A. The Company is inter alia engaged in the business of providing consulting services (“Business”).
B. The Company is desirous of appointing the Employee on the terms and conditions specifically set forth in this Agreement.
C. The Company and Employee are therefore desirous of recording the terms and conditions of employment of the Employee with the Company by executing these presents.
 
NOW THEREFORE, IT IS HEREBY MUTUALLY AGREED BY AND BETWEEN THE PARTIES HERETO AS FOLLOWS:
 
1. DEFINITIONS AND INTERPRETATION
 
1.1 Board” shall mean the Board of Directors for the time being of the Company.
 
1.2 Cause” shall have the meaning assigned to it in Clause 7.2.1.
 
1.3 Confidential Information” means all information or data made available to Employee (whether furnished orally, in writing, electronically or through any other form or medium and regardless of whether it is specifically marked or identified as confidential) or which directly or indirectly comes to the knowledge of Employee or any part thereof, concerning or relating to the
Company, including all analyses, forecasts, reports, studies, agreements and other documents whether prepared by the Company, its executives or a third party, but shall not include information that is now in, or hereafter enters, the public domain through no action by Employee in violation of the terms or conditions of this or any other duty of confidentiality, contractual or otherwise.
 
1.4 Developments” shall mean any invention, design, technical or business innovation, computer program and related documentation, or any other work product knowhow or intellectual property developed, or conceived by Employee, in whole or in part that arises out of the employment with the Company, or that are otherwise made through the use of the Company’s assets
or materials.
 
1.5 Directors” shall mean the directors on the Board of the Company.
 
1.6 Intellectual Property Rights” shall mean all intellectual property rights subsisting in the products developed, being developed and/or proposed to be developed by the Company including all patents, patent applications and patent rights, entity models, moral rights, trademarks and trademark rights, trade names and trade name rights, service marks and service mark rights, service
names and service name rights, brand names, internet domain names and sub-domains, inventions, processes, formula, copyrights and copyright rights, trade dress, business and product names, logos, slogans, trade secrets, industrial models, processes, designs, methodologies, computer programs (including all source codes) and related documentation, technical information, manufacturing, engineering and technical drawings, knowhow and all pending applications for and registrations of patents, entity models, trademarks, service marks, copyrights and internet domain names and sub-domains.
 
1.7 Person” shall mean and include any individual, firm, company, institution, or any other legal entity.
 
1.8 In this Agreement:
(i) the recitals shall be deemed to constitute an integral and operative part of this Agreement, as if the same were reproduced herein;
(ii) words importing the singular include the plural and vice versa;
(iii) reference to days, months and years are to English calendar days, calendar months and calendar years respectively;
(iv) the words “include” and “including” are to be construed without limitation;
(v) reference to statutes shall include any modification, re-enactment, or extension thereof for the time being in force; and
(vi) headings and bold typefaces are only for convenience and shall be ignored for the purpose of interpretation of this Agreement.
 
2. EMPLOYMENT
 
2.1 The Company hereby appoints the Employee in the position and title of an Designation’. The Employee’s primary office location will be location Bangalore”. The Employee shall have responsibilities, duties, and authority commensurate with such position and will report to the management of Vandey Consultancy Services Pvt Ltd.

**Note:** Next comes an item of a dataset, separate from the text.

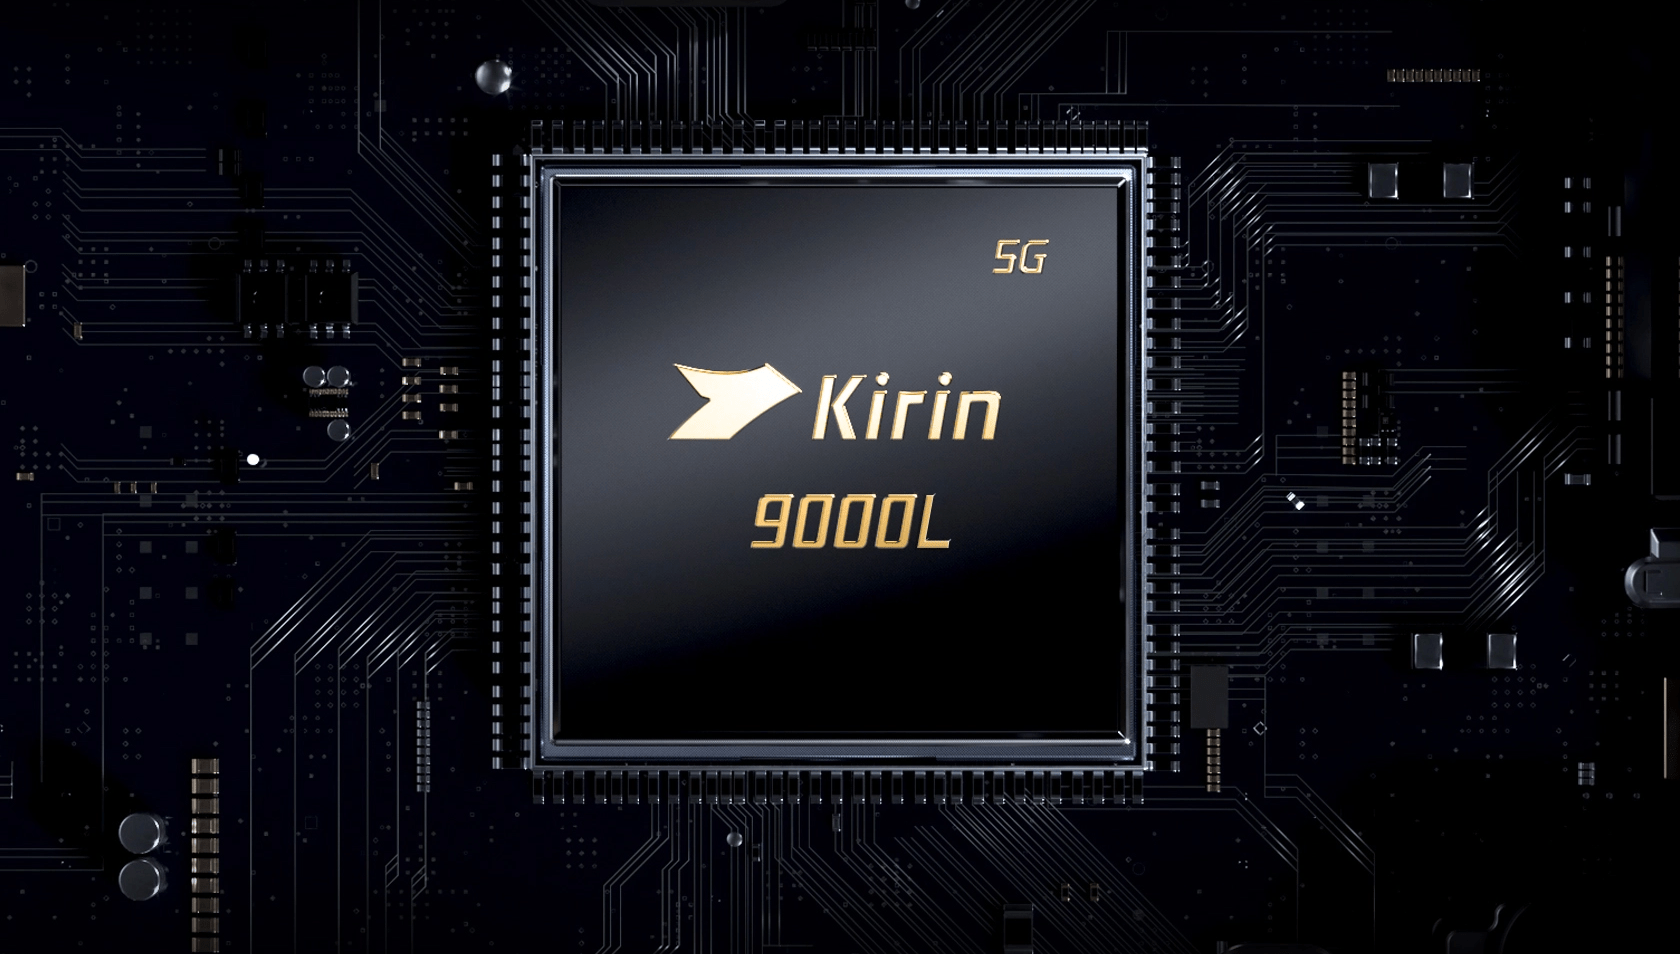 Kirin 9000Lを発表、ヘキサコア構成のCPUを採用した異質な製品

The Employee will report on administration
matters to Mr. David Keynan from time to time.
 
2.2 The Employee hereby accepts this employment, to the exclusion of all other employments and engagements, on the terms, conditions, and stipulations herein.
 
2.3 The Employee would perform his duties in the work location allocated by the Company.
 
2.4 The Employee may be required, at express instructions from the Company, to travel as per their roles and responsibilities listed below, or at the Company’s discretion. The Employee may incur travel expenses, which shall be reimbursed as per the applicable policy of the Company.
 
2.5 The duties and functions of the Employee shall be communicated to the Employee and may be modified, from time to time at the discretion of the Company. The Employee’s effective start date of employment will be their date of joining the Company which is DOJ, or on a date mutually agreed and confirmed to the Employee in advance, by the Company’s management (“Effective Date”). This offer of employment will stand withdrawn, if the Company does not receive accepted copy of this Agreement within 5 (five) calendar days, or in the event of failure to join the Company on the Effective Date, this Agreement shall stand automatically terminated.
 
2.6 The Employee shall be on probation for a period of 3 (three) months from the Effective Date. During this period, the Company in its absolute discretion, may terminate this Agreement, without assigning any reasons by giving no notice period. The Employee, during this period may terminate this Agreement by giving 7 (seven) days’ notice period or notice pay in lieu thereof to the other Party. If the Company initiates the termination of this Agreement, it is not under any obligation to provide reasons for such termination. When an Employee has completed their 3 (three) months’ probationary period, they will be granted
automatic permanent employment status unless informed otherwise by the Company, in writing, to the Employee.
 
2.7 Employee agrees that during their employment with the Company, they will be in full compliance with all applicable laws, rules, regulations, and procedures notified thereunder, including the Sexual Harassment of Women at Workplace (Prevention, Prohibition and Redressal) Act, 2013, and the Prevention of Corruption Act, 1988.
 
2.8 Employee will perform and discharge all their duties and functions assigned by the Company in a faithful, competent, and professional manner. All of Employee’s activities hereunder will be at the complete direction and control of the Board and the Company at all times.
 
2.9 Employee undertakes to refer to the Company, and to the best of their abilities, ensure a mandate to the Company, all business opportunities known to them or made known to them at any time, with respect to the business being carried on,
or proposed to be carried on, by the Company. Employee shall immediately make full and true disclosure in writing to the Company of:
(i) any direct or indirect interest or benefit they have derived or are likely to derive through, or in connection with, any contractual arrangements, dealings, transactions, or affairs of the Company and/or any transactions,which are likely to be detrimental to the Company; and
(ii) any intellectual property developed, created, or owned by him/her and proposed to be used by him/her during the course of their employment with the Company.
 
2.10 Employee shall receive periodic performance reviews/evaluations at the discretion of the Company, and as may be relevant.
 
3. BACKGROUND VERIFICATION
 
3.1 This offer and continued employment with the Company are contingent upon the Employee participating in a background verification (“BGV”) process that may be mandated by the Company or its clients. The Company may, either directly,
or through a third-party, at any time, prior to the Employee being onboarded, or after their onboarding, conduct a BGV.
 
3.2 The Company reserves the sole right to rescind the Employee’s offer of employment or terminate their services, in case the BGV process results in an unsatisfactory outcome.
 
4. TERM OF AGREEMENT
 
4.1 This Agreement shall be valid from the Effective Date and continue to be in force until it is terminated in accordance with this Agreement.
 
5. DUTIES
 
5.1 Subject to the terms of this Agreement, Employee shall devote their whole working time, attention, and energies to the business of the Company as may be necessary and shall use their best endeavors to promote the interest and welfare of the Company.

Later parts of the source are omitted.